Australia’s victory in Melbourne on Saturday saw them level the three-match contest at 1-1 and left the Lions’ hopes of a much-longed for first series victory since 1997 dependent on the result of next week’s final Test in Sydney.

“Frankly, they [the Lions] sat back when they should have gone out and blasted it,” wrote Stephen Jones, the long-serving rugby correspond­ent of the Sunday Times.

As for the pack selected by Lions coach Warren Gatland, Jones added: “I was amazed how light and fluffy and vulnerable it was, even up against an Australian pack that, frankly, would not even frighten your grandmothe­r at midnight in a dark alley.”

Jones wrote how prop Mako Vunipola, for all his good play in the loose, had endured a torrid match in the scrum.

“Sadly, the metaphoric­al cemeteries of rugby are full of props who were rated for other things bar scrummagin­g,” he wrote.

Current Lions No 10 Jonathan Sexton said there were times during the second Test when “it felt like we were just wishing for the game to finish rather than going after it”.

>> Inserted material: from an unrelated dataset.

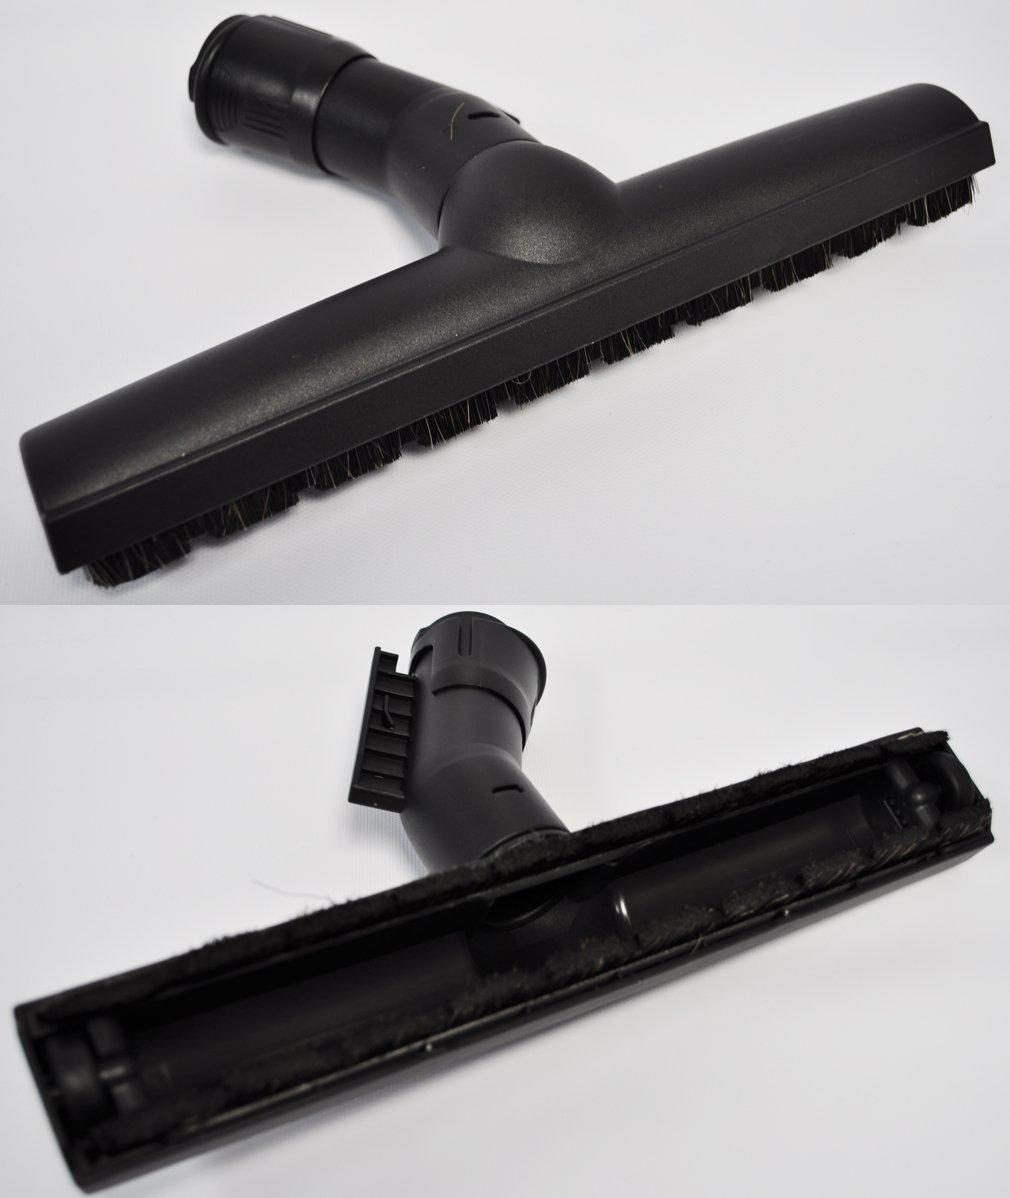 Bosch Premium Series Canister Vacuum Floor Brush Assembly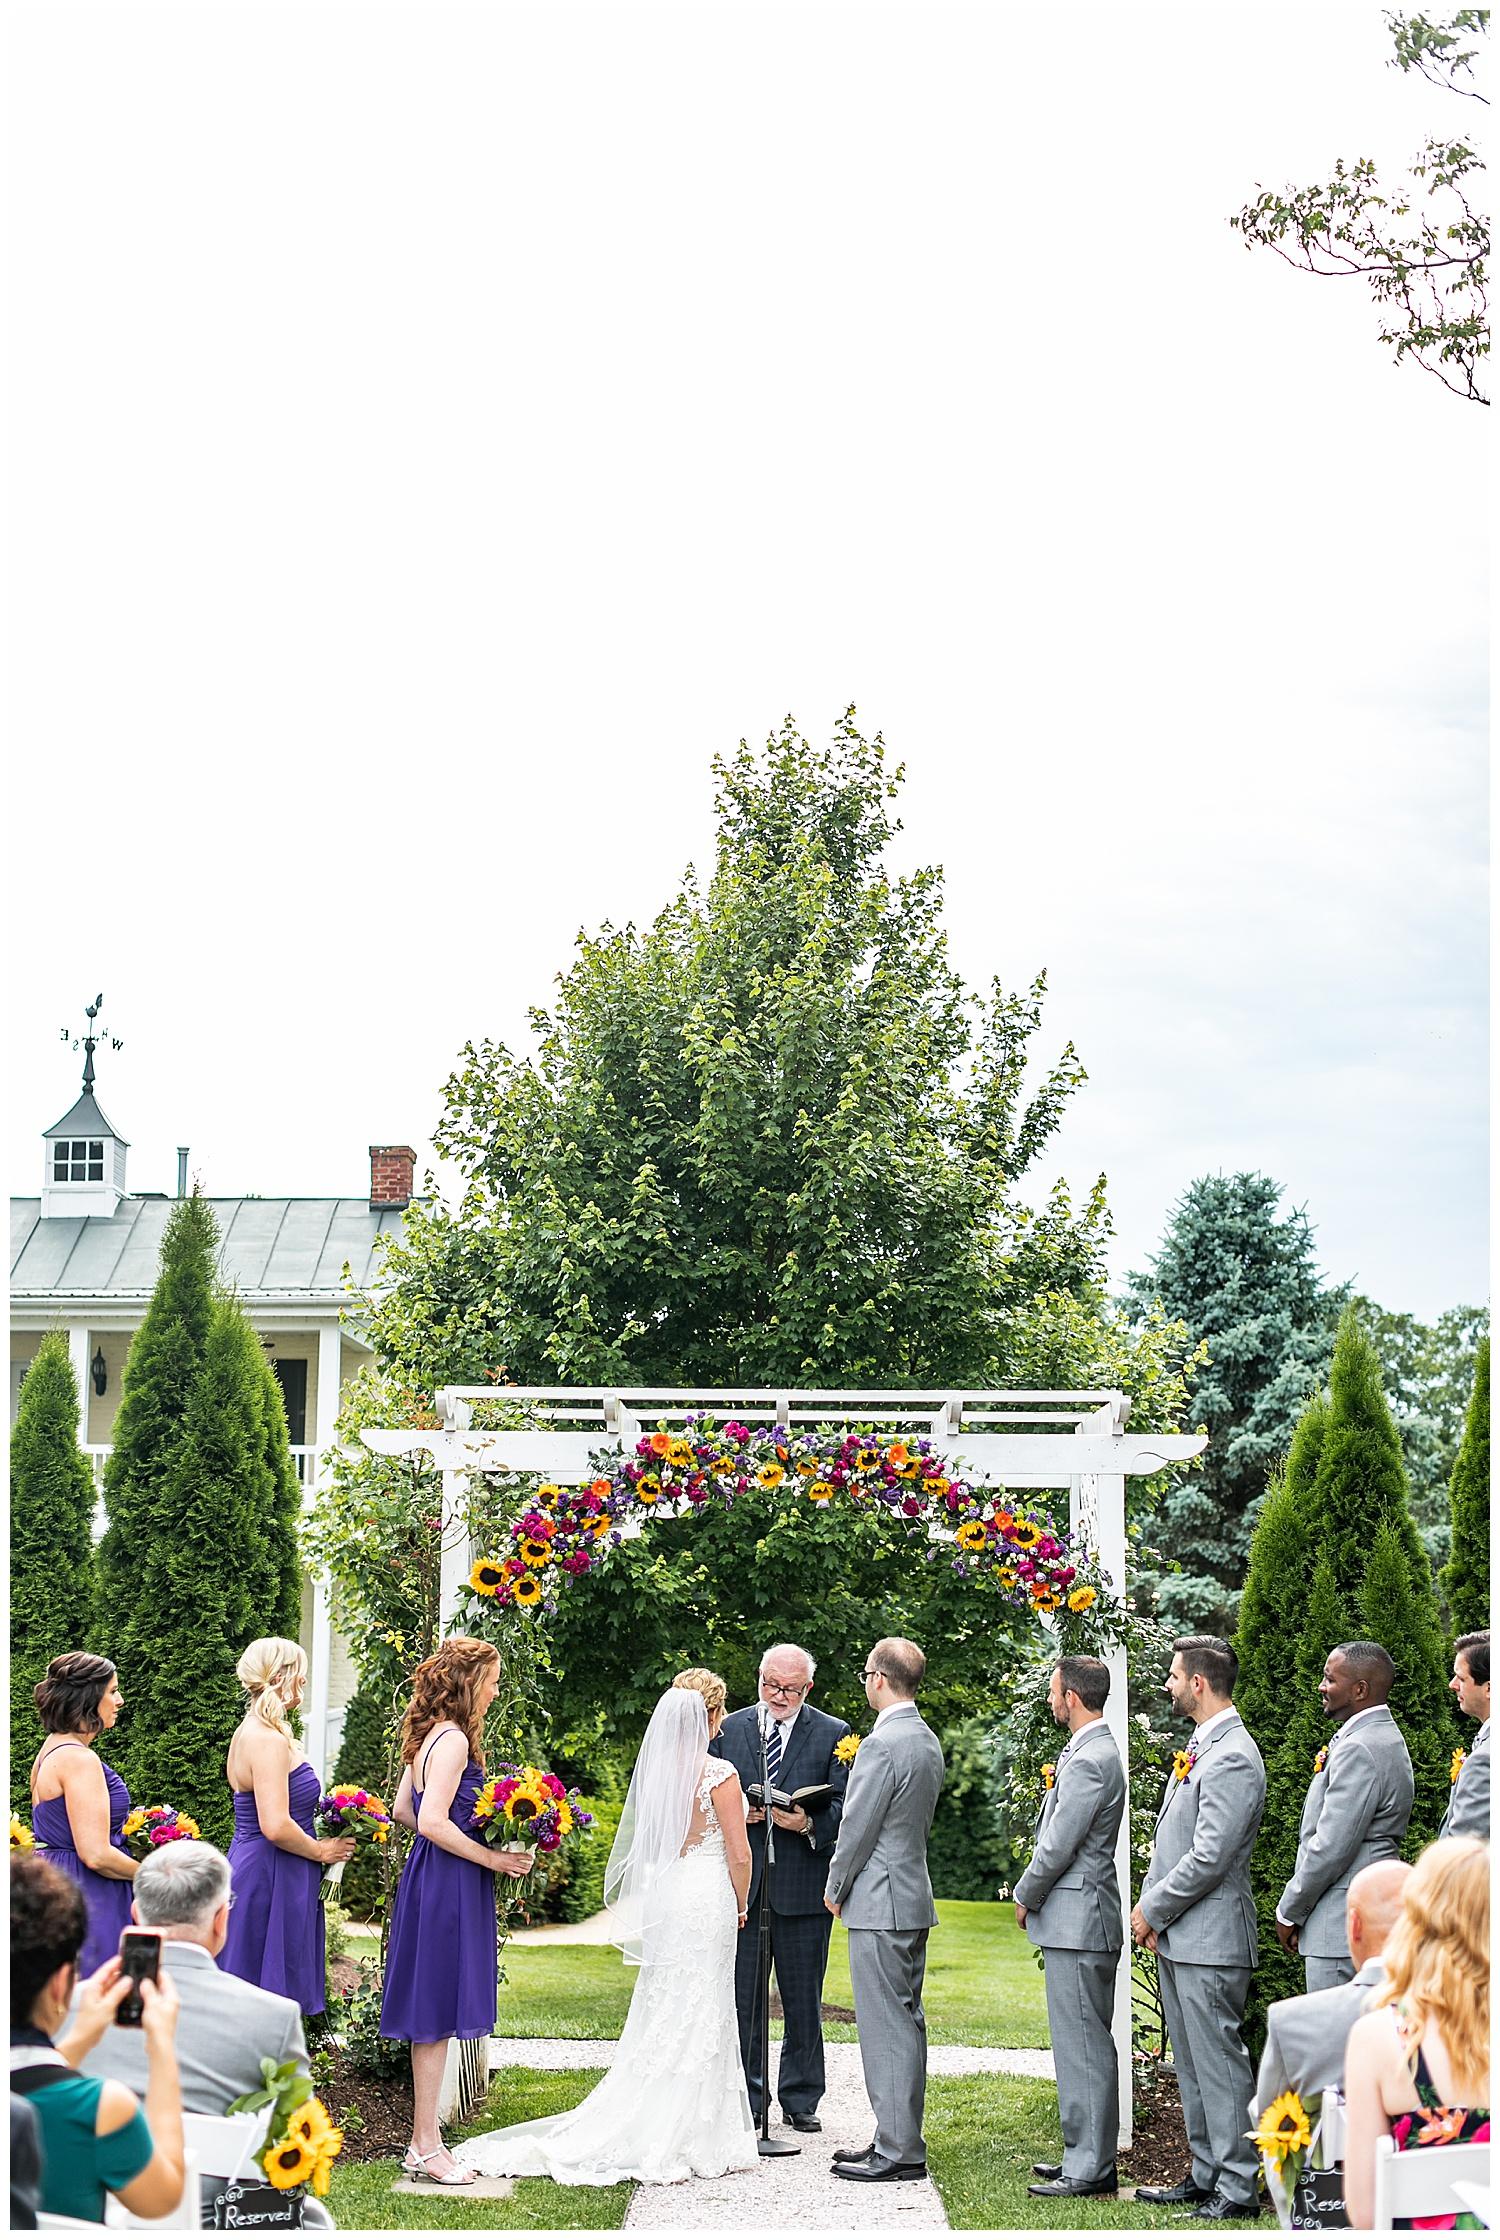 Michelle Shaun Antrim 1844 Wedding Living Radiant Photography photos_0109.jpg

Australia scored the only try of the match when Adam Ashley-Coper crossed four minutes from time and the Sunday Express’s Steve Bale wrote: “The Lions created so little when stretched to bursting point at Docklands Stadium that they can hardly complain this series will now go to a decider.”

Bale added that the tension surroundin­g both sides had contribute­d to an “error-strewn affair – the Lions’ very future after their long failure to win a series anywhere and the fate of Wallaby coach Robbie Deans being two key issues riding on this series”.

There was sympathy for Leigh Halfpenny after the normally reliable goalkicker had a penalty to win the match, and with it seal the Lions’ first series success since their 1997 triumph in South Africa.

His kick fell short, an effort from more than 50 metres, virtually the last kick of the game.

By contrast Australia’s Christian Leal’ifano, whose Test debut last week lasted less than a minute after he was knocked out, was on target with all four of his place-kicks in Melbourne.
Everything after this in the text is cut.